Bael appears in later editions of The Grimoire of Pope Honorius, under Astaroth, as a prince whose powers include (again) invisibility and popularity. In the Grand Grimoire, Bael (as Baal) is listed as a subordinate of Lucifuge Rofocale. According to Thomas Rudd, Bael is opposed by the Shem HaMephorash angel Vehuiah.

==In popular culture==
- Baal appears as a recurring antagonist in the long-running German dime novel series Geisterjäger John Sinclair. The novels and audio dramas by author Jason Dark depict Baal as one of the archdemons along with Astaroth, Eurynome and Amducias.

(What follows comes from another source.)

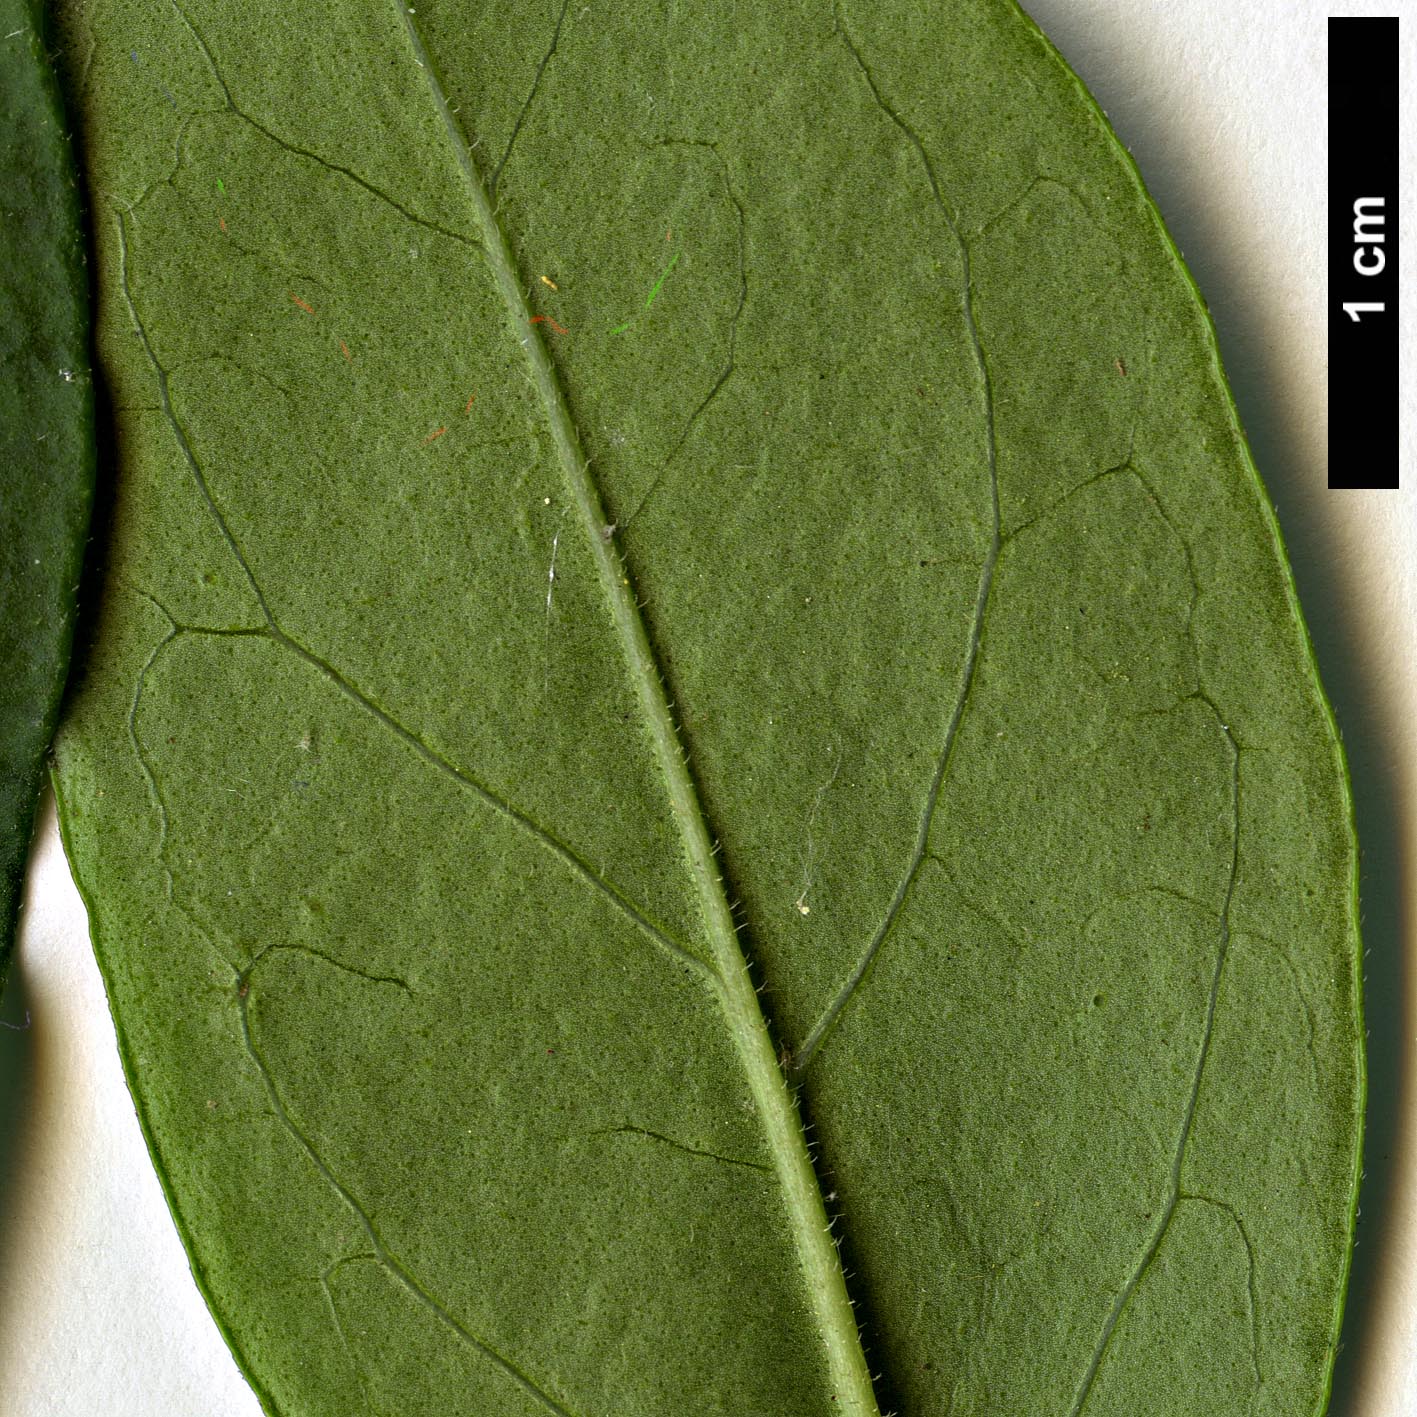 High resolution image: Family: Oleaceae - Genus: Ligustrum - Taxon: ×ibolium (L.obtusifolium × L.ovalifolium)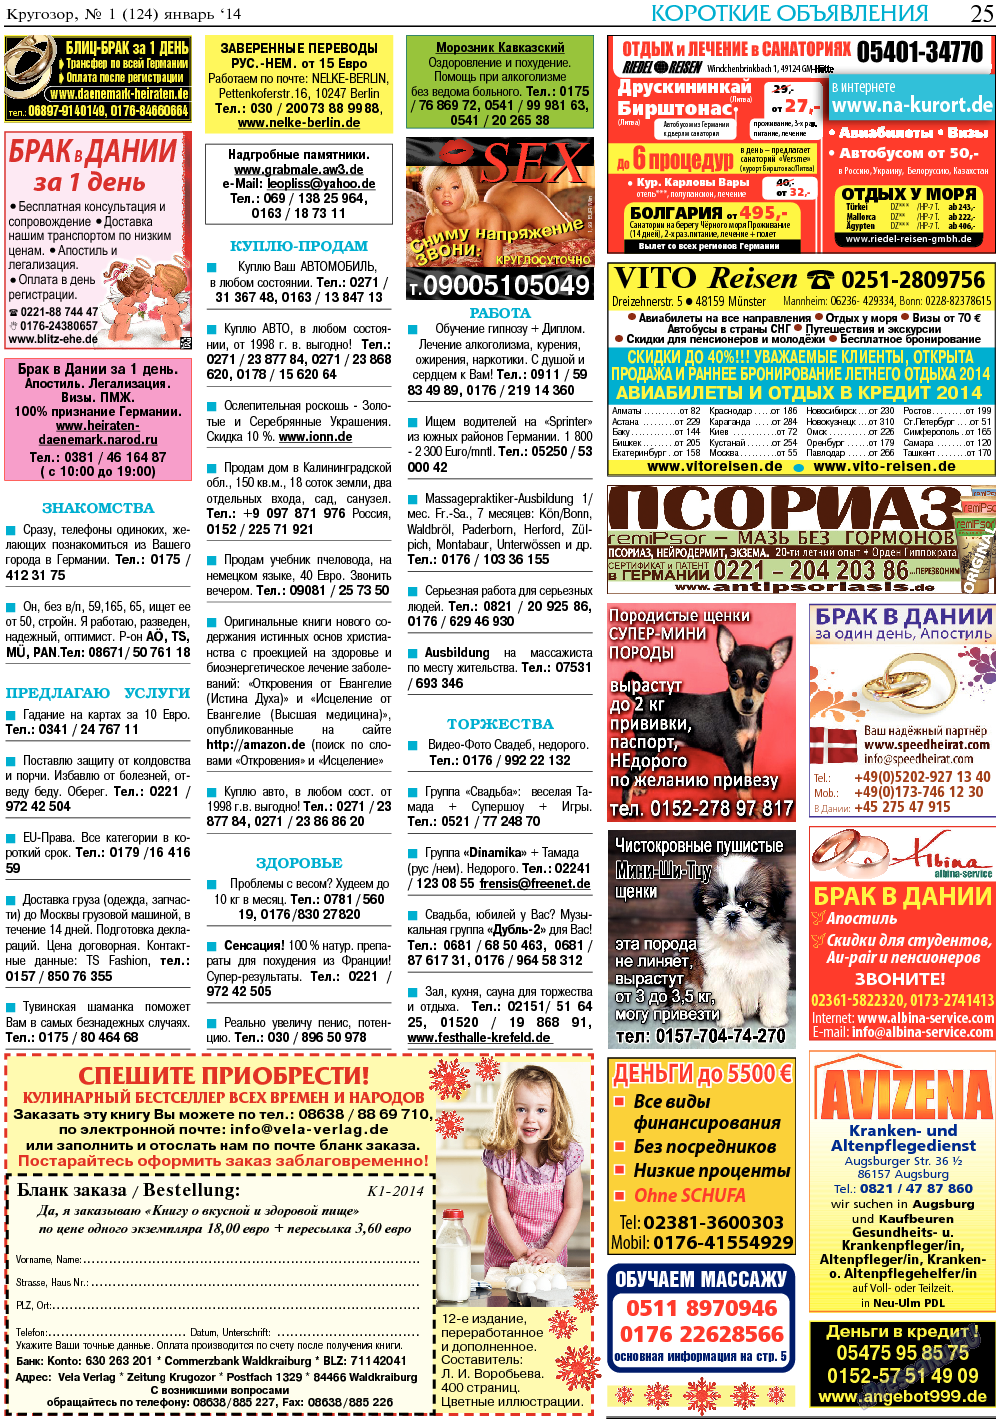 Кругозор, газета. 2014 №1 стр.25

- In the anime series Mobile Suit Gundam: Iron-Blooded Orphans, a prominent mobile suit is known as "ASW-G-01 Gundam Bael".
- Makoto, a god and ruler of the Inazuma region in the video game Genshin Impact, goes by the name Baal.
- Baal is the demon that possesses Father Lucas Trevant, played by Anthony Hopkins, in the film The Rite (2011).
- Baal was the primary antagonist in Diablo II: Lord of Destruction, the 2001 expansion pack to Blizzard Entertainment's Diablo II.
- Baal is a high-ranking demon and one of the main antagonists in Japanese anime and manga series Welcome to Demon School! Iruma-kun.
- Bael is one of many demons mentioned to be worshipped by the Hameln cult in the 2023 analog horror video game series Amanda the Adventurer.
- Bael is the second-in-command of Hell in the 2024 Korean drama series The Judge from Hell, portrayed by actor Shin Sung-rok.
- Baal is Nippon Ichi's Disgaea series`s most common recurring Superboss, known as "The Lord of Terror" and "The Tyrant Overlord".
- The Warhammer 40,000 book series, Eisenhorn, includes a prominent recurring antagonist known as "Cherubael" whom also sometimes goes by the name of "Bael" or "Cherub of Bael".